Problem 2: Support for multiple instances of the same channel

How can we best handle situations where it's perfectly valid to have multiple distinct samples from the same channel on a sensor in one fetch operation? A spectrometer, for example, might read spectral data from 380-780nm (visible light) in 10nm chunks, meaning there are 40 data samples on the same 'channel', all read in one fetch operation, but this isn’t something that naturally fits into the current API. The same issue potentially applies to other classes of sensors, where we might have multiple instances of one type and we need some sort of meta-data to distinguish between them.

Possible Solution(s)

As a naive solution, we could add two more values to the sensor_value struct for additional meta-data, but then this doubles the amount of memory used for each data sample which is unfortunate.

There are a number of possibilities here, but they all have tradeoffs, and I'm hoping to get a discussion started on what some of the pros/cons of different solutions to the above problems might be.

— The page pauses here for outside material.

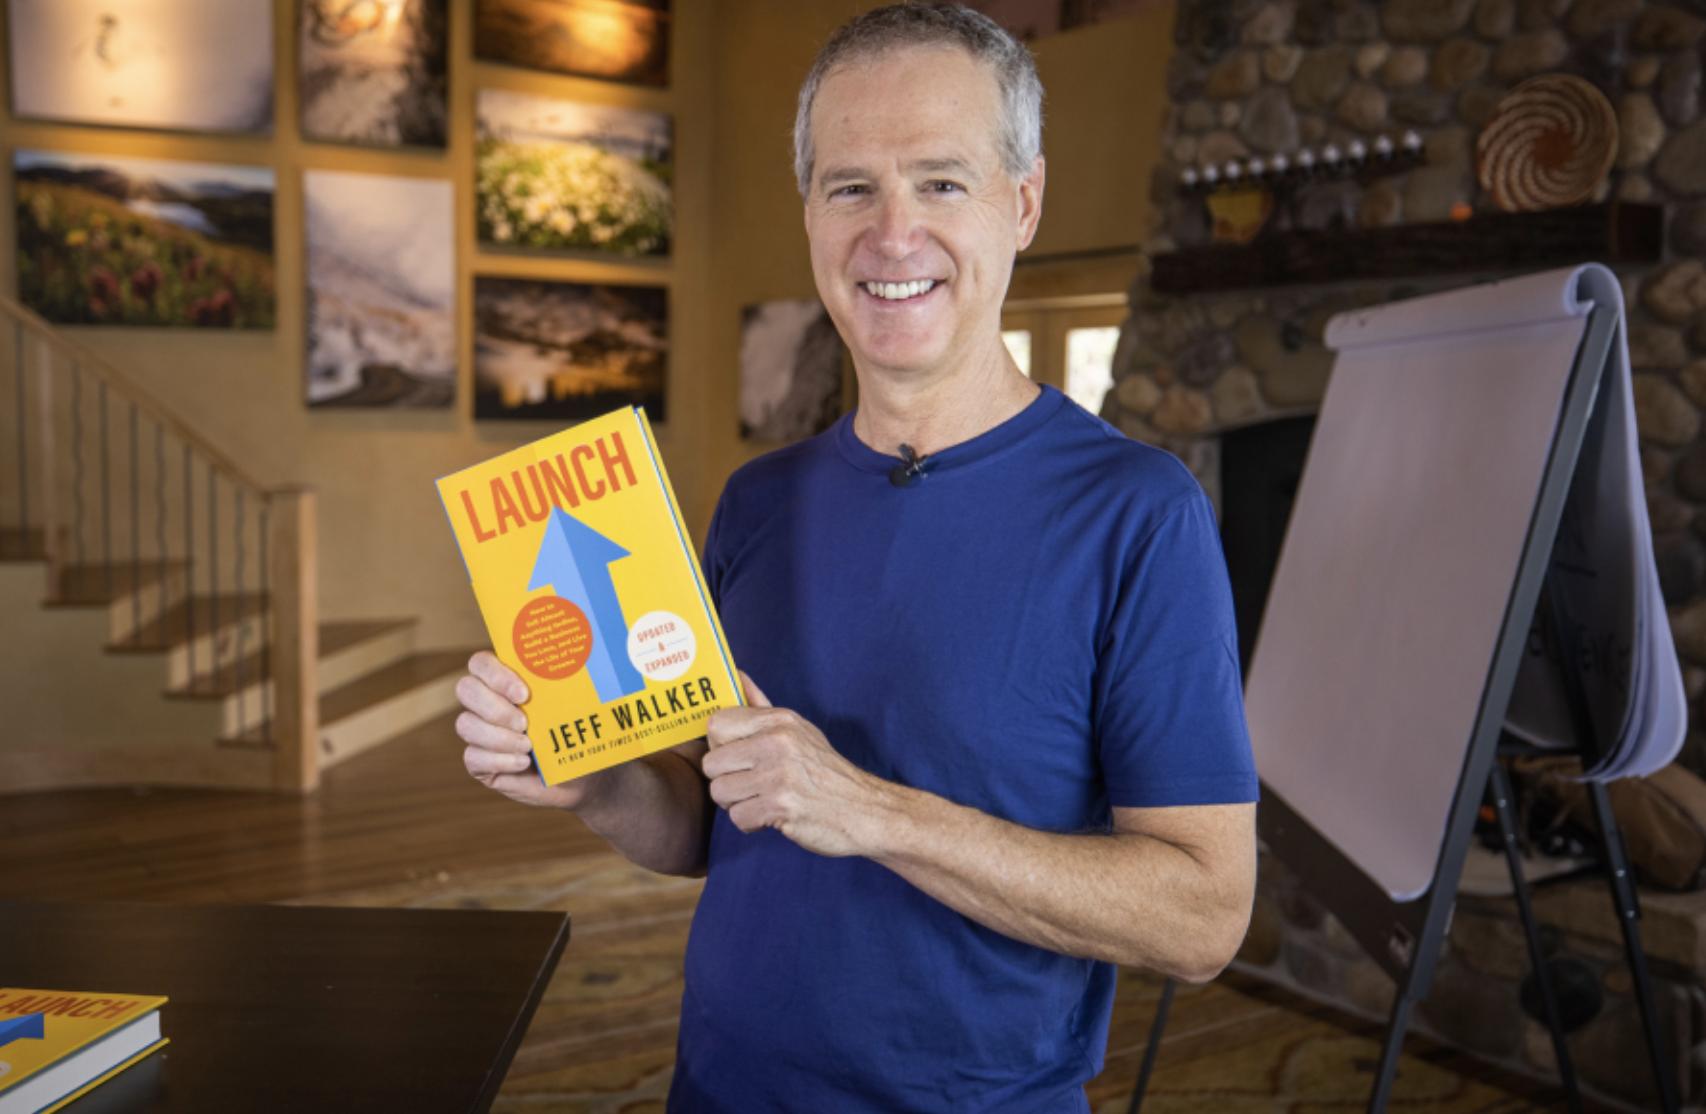 Jeff Walker Product Launch Formula Best Selling Book

As I mentioned, I'm working on an RFC addressing the issues related to light in particular, detailing the current problems and trying to suggest some solutions and the tradeoffs involved, but this is something that touches on the whole sensor API, so I wanted to add my initial thoughts here while I work on the RFC. I'll address some issues in other sensor families like motion-related devices, but light has the most obvious problems to me at present so I wanted to start there.

Any suggestions on what might make sense to handle a situation like the spectrometer above would be useful, so that a meaningful proposal can be made for improvements.

A sensor_fetch_raw() or something would be much appreciated. Forcing this weird double int format upon developers feels pretty... forced.

What we've done so far is setting periodic k_timers whose ISRs pushes poll jobs to a work queue. I can imagine an alternative implementation where a single thread does k_poll(&sensor_event, K_FOREVER) in a loop and gpio/timer ISRs does k_poll_raise(&sensor_event, sensor_id). Maybe this isn't optimal - starting an async transaction in the ISR itself sounds like the perfect solution, but the I2C API doesn't support that yet, right?

@microbuilder How about adding a int *info argument to sensor_sample_fetch() and/or sensor_channel_get(), and if more data is available, the driver flips the MORE_DATA_AVAILABLE bit?